Ich denke das muss man alles mal ein bisschen relativieren. Ja, es stimmt das der Simulator am Anfang wirklich nicht gut war bzw. einfach verbuggt. Man muss aber auch sagen, dass 4Player sich da auch ein wenig unprofessionell verhalten hat zum Teil wenn man sich die Kommentare eines Redakteurs dort bzgl. des Simulators durchließt.... was ich getan habe nachdem ich deinen Link genutzt habe. Aber letztendlich hatte er auch wiederum recht, das Spiel war zunächst nicht spielbar. 

Es wissen aber auch nicht viele, dass die Gold Edition rausgekommen ist, welche zum einen die Bugs behoben haben und zum anderen noch Erweiterungen mit sich brachte. Genau das alles hat mir mein Kumpel erzählt, bei dem ich jetzt noch einmal  nachgefragt habe. Und als ich es bei ihm gespielt habe, gabs auch keine Probleme. Von daher kann man schon mal sagen, dass sie bestimmt dazu gelernt haben und 2012 bestimmt gleich von Anfang an gut wird. Wenn nicht sollen sie in der Hölle schmoren


----------



## Morwenth (30. November 2011)

Update:


So jetzt ist es ja rausgekommen:

  Also die Sorge, die hier geäußert wurde,  dass das Spiel verbuggt sein würde hat sich nicht bestätigt. Gleich nach Release haben die Entwickler auch Patches nachgelegt, naja ich empfinde das als positiv. Hab auch schon ne Runde mit meinem Kumpel im Multiplayer gedreht. 
  Fazit: Nichts mit Hölle und so


----------



## Tumblin (15. Dezember 2011)

Ich kann Morwnth da nur zustimmen. Buggs habe ich noch keine gefunden. Multiplayer bzw.
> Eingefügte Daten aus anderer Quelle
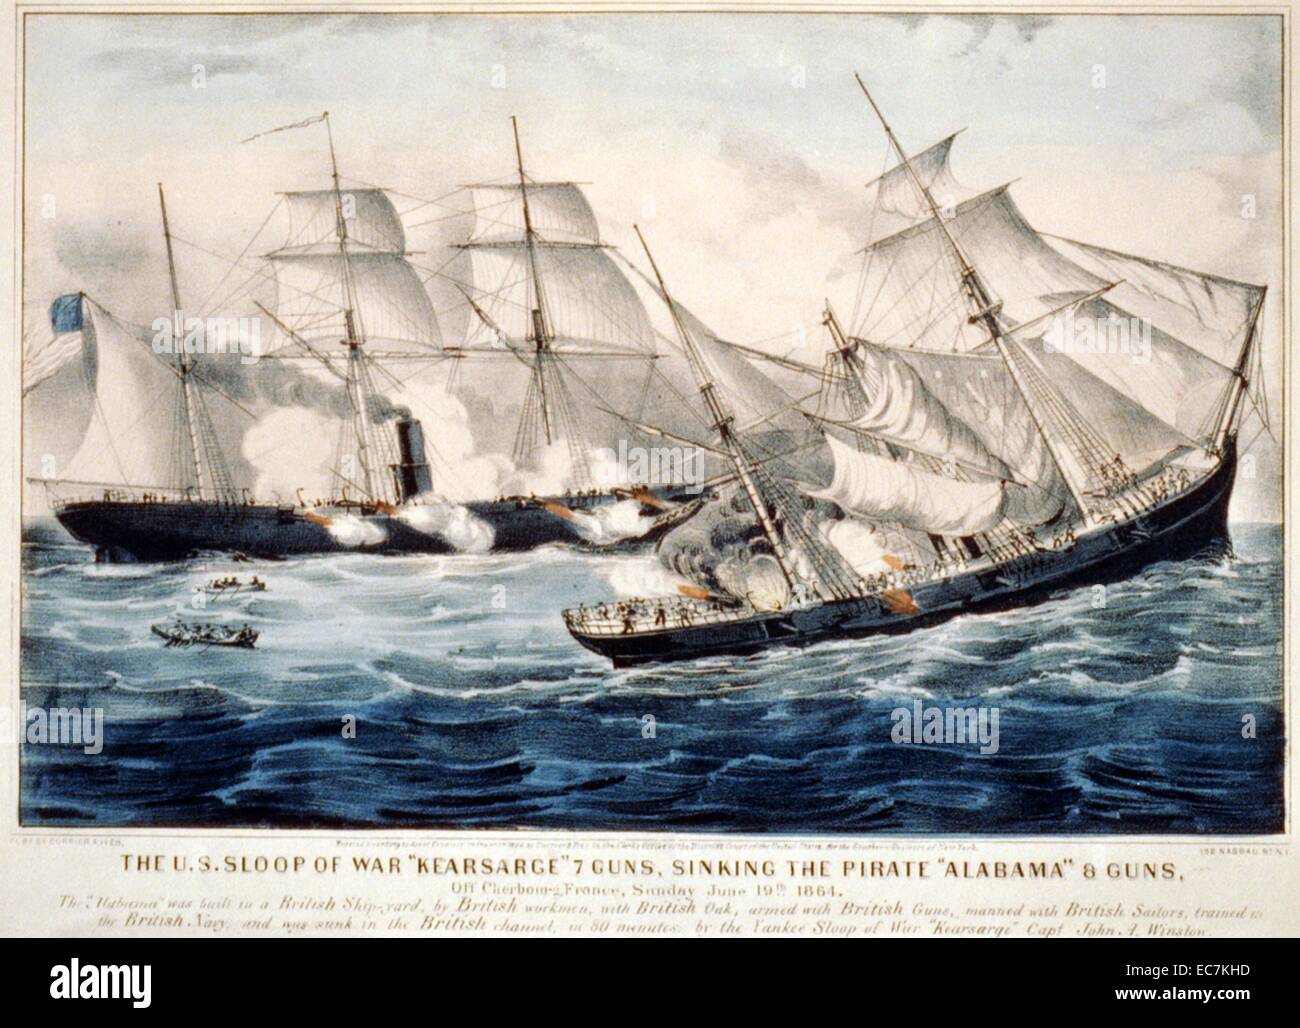 Los EE.UU. sloop de guerra "Kearsarge' 7 pistolas, hundiendo el pirata 'Alabama' 8 guns off Cherbourg, Francia el 19 de junio de 1864. El USS Kearsarge es mejor conocido por la derrota de los Confederados commerce raider CSS Alabama durante la Guerra Civil Americana. Foto de stock

Co-Op konnte ich noch nicht ausprobieren, mache ich bei nächster Gelegenheit.

Gruß
Tumblin


----------



## Morwenth (22. Dezember 2011)

Tumblin schrieb:


> Ich kann Morwnth da nur zustimmen. Buggs habe ich noch keine gefunden. Multiplayer bzw. Co-Op konnte ich noch nicht ausprobieren, mache ich bei nächster Gelegenheit.
> 
> Gruß
> Tumblin


 
Mach das mal. Ich habe das zwar erst ein Mal gespielt im Koop - aber war schon witzig das gemeinsam anzugehen. Es kamen ja glaube insgesamt 5 Patches und es sollte eigentlich frei von Kinderkrankheiten sein. Habe zumindest nichts irgendwo von großen Problemen gelesen und bei mir läufts, wie schon gesagt, ordentlich.


----------



## Tumblin (29. Dezember 2011)

So ich hab den Co-Op jetzt mal mit nem Freund getestet. Es macht wirklich Spaß. Gestartet haben wir mit einem Wettrennen ^^ im Anschluss daran haben wir 3 Stunden lang Felder gepflügt, etc. Zu zweit ist es nochmal was ganz anderes. Auch hier konnte ich keine Probleme feststellen. Also muss ich hier Morwenth auch wieder zustimmen, nach 5 Patches sollten die Kinderkrankheiten auch raus sein. 
Ich kann nur empfehlen, sollte man den Agrar Simulator haben, umbedingt den Co-Op ausprobieren.

Gruß
Tumblin


----------



## greyhound61 (9. Februar 2012)

*Super Simulation*

Ich bin seit einiger Zeit mit diesem Spiel beschäftigt und muß sagen, das ist wirklich gelungen. Es wird von Patch zu Patch besser und da kommen immer wieder neue Sachen rein. Es gibt einen Video Contest, bei dem man einen Gutschein gewinnen kann. Habe ich beim durchforsten der Community gesehen. 
http://www.agrar-simulator.de/FORUM.../p28838-video-contest-februar-2012/#post28838


----------



## maxpaine30 (9. Februar 2012)

Ich kann auch nur positives schreiben , es macht sehr viel Spaß und es ist wirklich mittlerweile erstklassig.
@Eol_Ruin das ist mal wieder klar nicht gestest aber seinen Senf dazu abgeben, wenn schon das Original ??
Fährst du auch das original Auto von damals ??  Spiel du mal LS


----------



## Mellsei (17. Februar 2012)

Schau mal 

>HIER<


Kannst dir gleich die Demo saugen  ​


----------



## Hobgoblin (11. April 2012)

Sieht cool aus, allerdings sind mir solche Agrar Simulatoren zu realistisch. Ich bleibe lieber mei meiner kunterbunten FarmKingdom


----------